• Jonathan Edgeley

Mental Health Awareness Week 20 - What is Recovery?

Updated: Dec 28, 2020

Recovery is a word that has, unfortunately, become synonymous with abstinence and, more particularly, with 12 step abstinence based recovery programmes. I say unfortunately because looking at that word from that perspective, probably, serves to exclude more than it includes.

The term recovery should never be used in an exclusive capacity, it should always have an inclusivity that embraces flexibility, adaptability, cohesiveness, diversity, energy and stability. Options including 12 step/abstinence based, faith based, natural/spontaneous, SMART, medically assisted, intuitive and controlled use, etc. and multiples therein should always be given equal credibility. Metaphorically speaking, recovery is a very personal jigsaw puzzle. We take pieces from all over the place and construct it as we progress. For some, when the puzzle is complete, there is a sense of being recovered, for others the puzzle may involve a lifelong process with the construction being pretty much the journey. Maybe for these people the puzzle is never really complete, the essence being the process rather than the end state and they may identify themselves as being in recovery.

Any pattern of behaviour or way of thinking we find ourselves repeating, over sustained periods of time, naturally results in bunches of neurones, within our brains, becoming strongly attached. It’s very much like electrical circuitry, the more power we need for an appliance the larger the wires and fuses we need to support it. Repeating thinking and/or behaviours means the wires and connections within our brains become reinforced and larger. Every time we learn something it’s pretty much the same thing and learning to use substances and/or behaviours to manage emotions results in changes in brain circuitry. It’s called neuroplasticity, it happens almost every second of every day, it’s how we learn and it’s how both our brains and ourselves develop. In addiction, and many other mental health conditions, these changes become not unlike eight lane motorways. Taking drugs, drinking alcohol, gambling and/or thinking or behaving in a particular way becomes almost the only way to feel good and our brains keep convincing us so by limiting the production of our natural feel good brain chemicals. That’s why, when we stop using, drinking, etc. we feel worse, not better. We have to wait a while, eat and do the right things, whilst our brains begin to make sufficient feel good chemicals to make a difference.

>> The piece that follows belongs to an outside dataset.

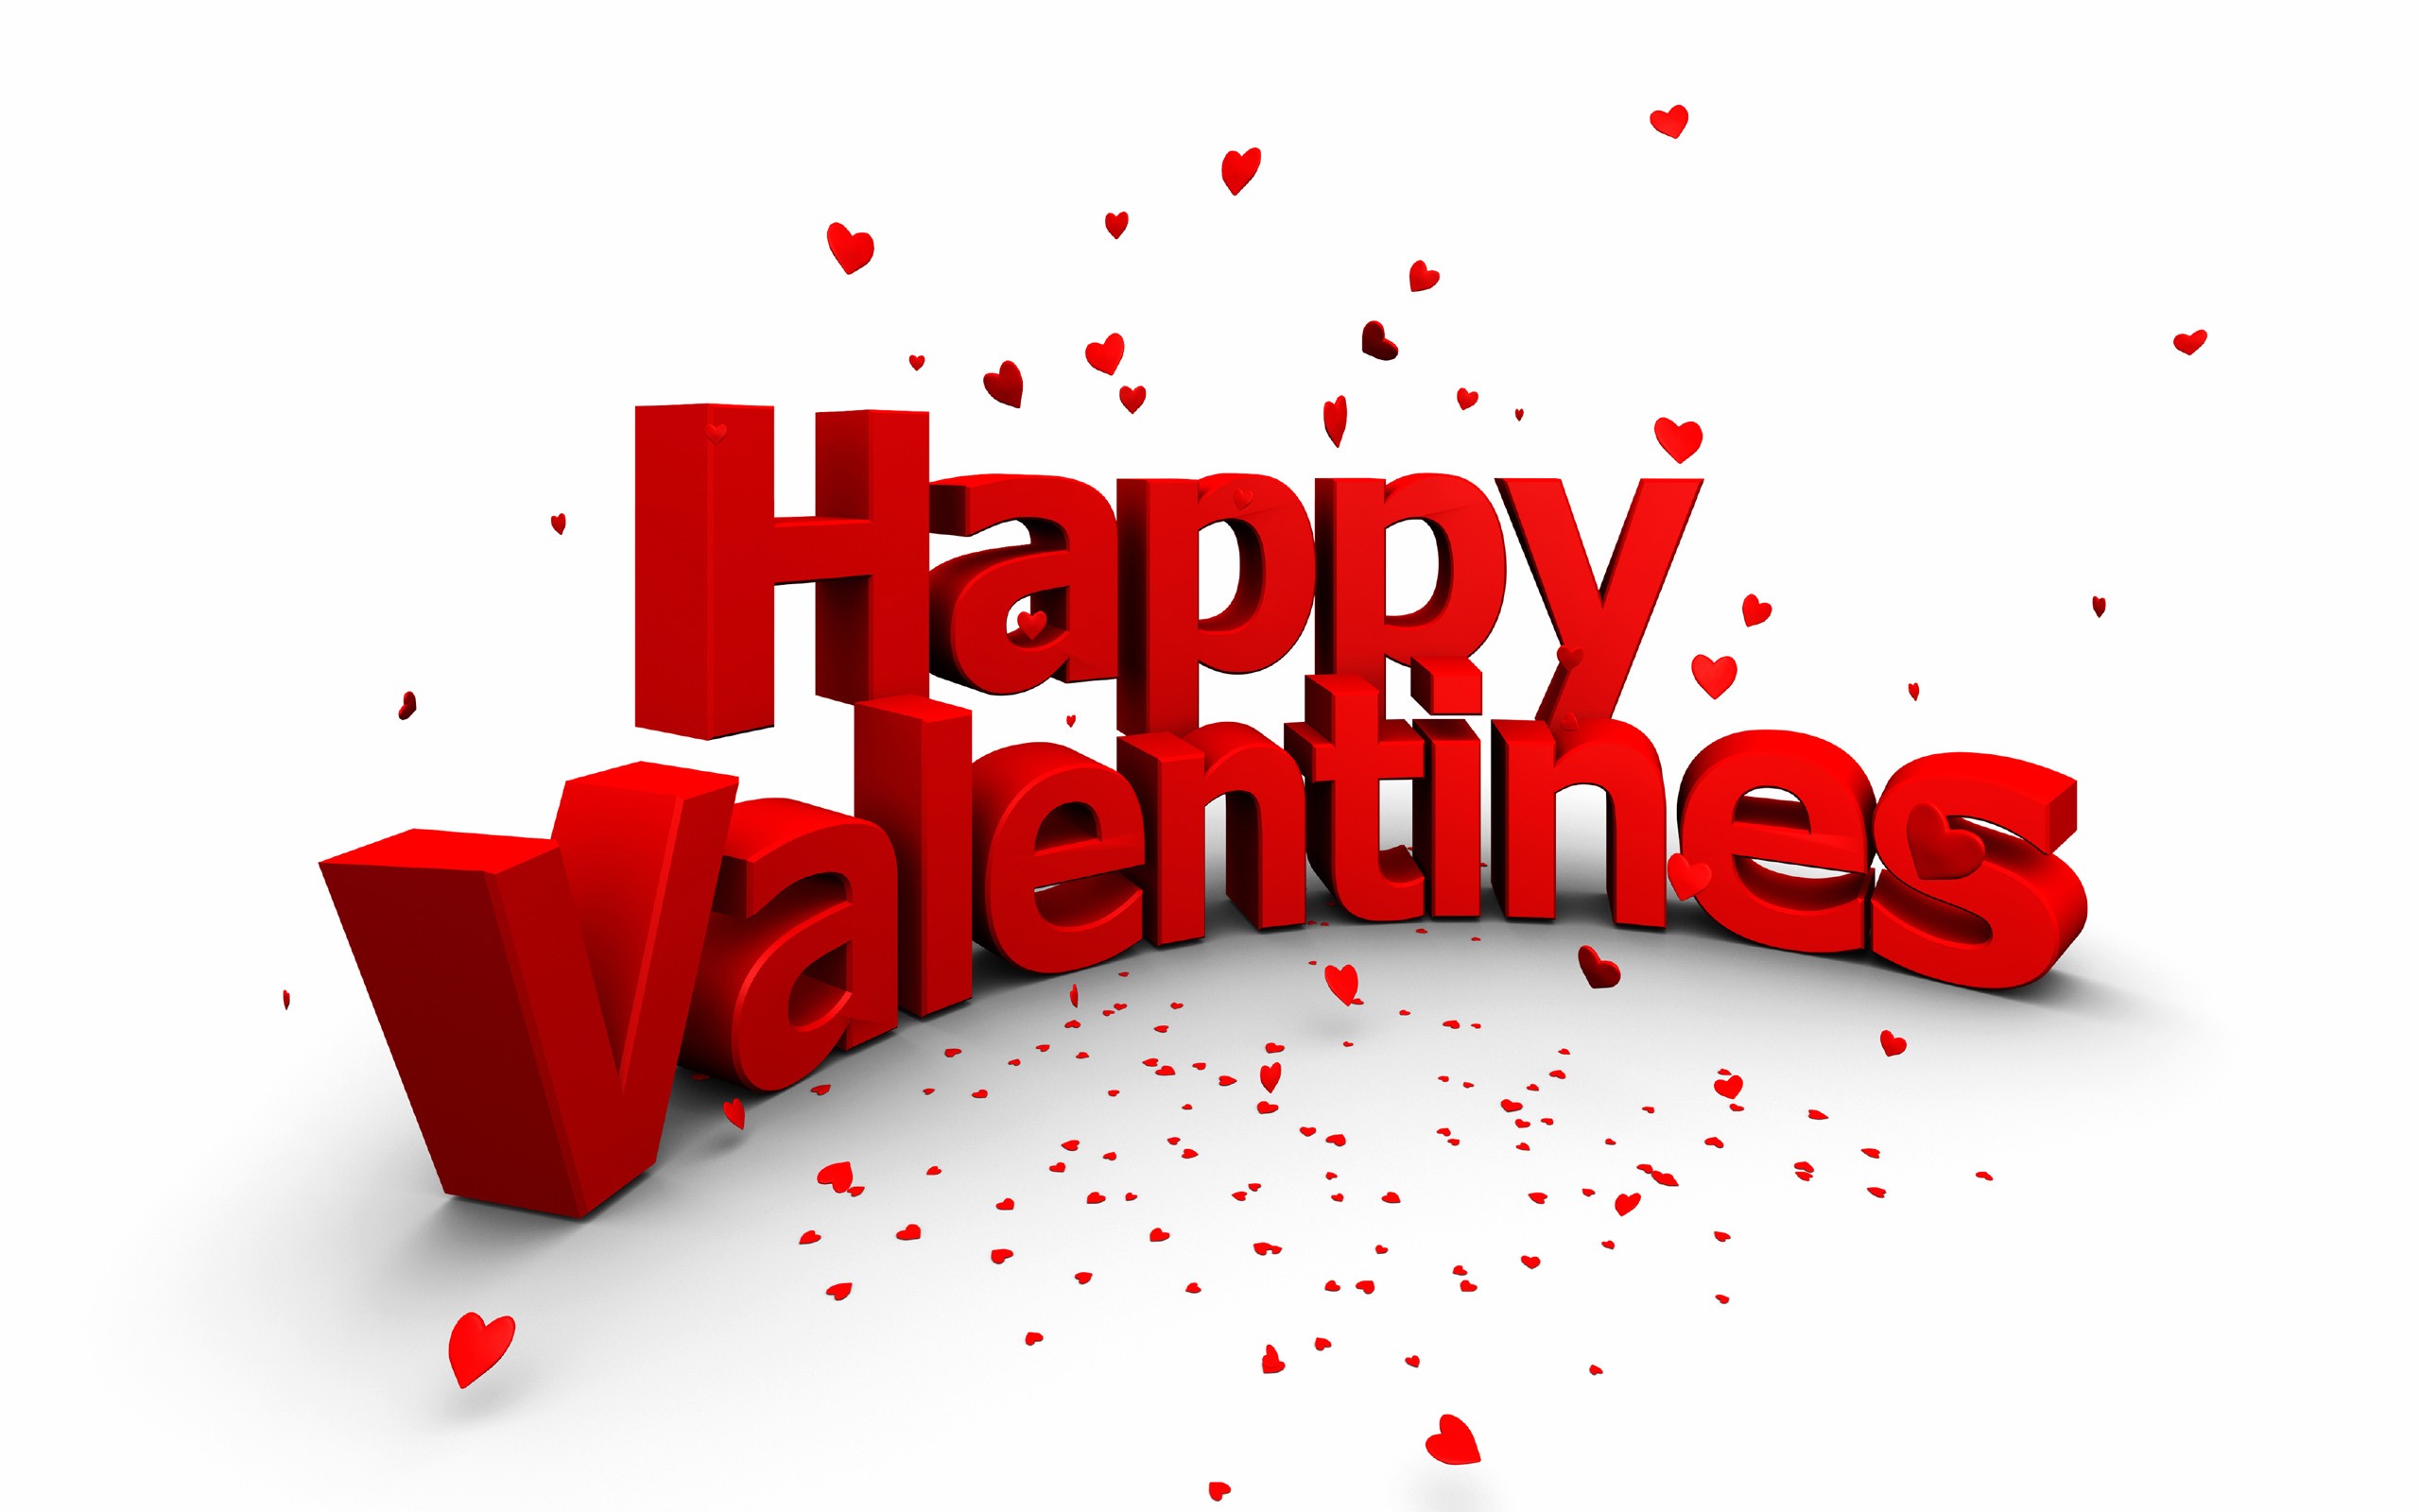 CHILD WELFARE DURBAN & DISTRICT INVITES YOU TO SHARE THE LOVE THIS VALENTINE’S DAY

This is why family involvement is so important when we are talking about recovery, in whatever form it takes. As human beings we function best as part of a social system, unfortunately as addiction and/or mental health problems progress they often have a detrimental effect on that very social system. Whole families can, and often do, becomes very dysfunctional, sick and certainly not very good places for recovery to occur within. They find themselves being sucked into a world of addiction and begin to treat the addicted person as a child, absolving them of almost all responsibility and blaming them for almost everything going wrong. The whole family become locked in patterns of behaviour that reinforce this culture and find it very difficult to change because the perceived consequences are often so dire that it fills everyone with fear and dread. Recovery will only take place where there are the conditions that allow it to. Just like a seed that is going to need water, soil, warmth and light for it to germinate and grow, so recovery needs certain things also. Recovery needs to be surrounded by hope, freely given by people who care. It needs the belief, compassionate curiosity and loving kindness of a none stressed family for it to germinate and flourish. It also needs people around who can suspend their judgements and learn to accept as, inevitably, risks are taken, mistakes are made and the pain of consequences begin to inform the new consciousness.

In essence addiction and mental health problems are family issues. When we learn to accept this we can begin to also accept that they need family solutions.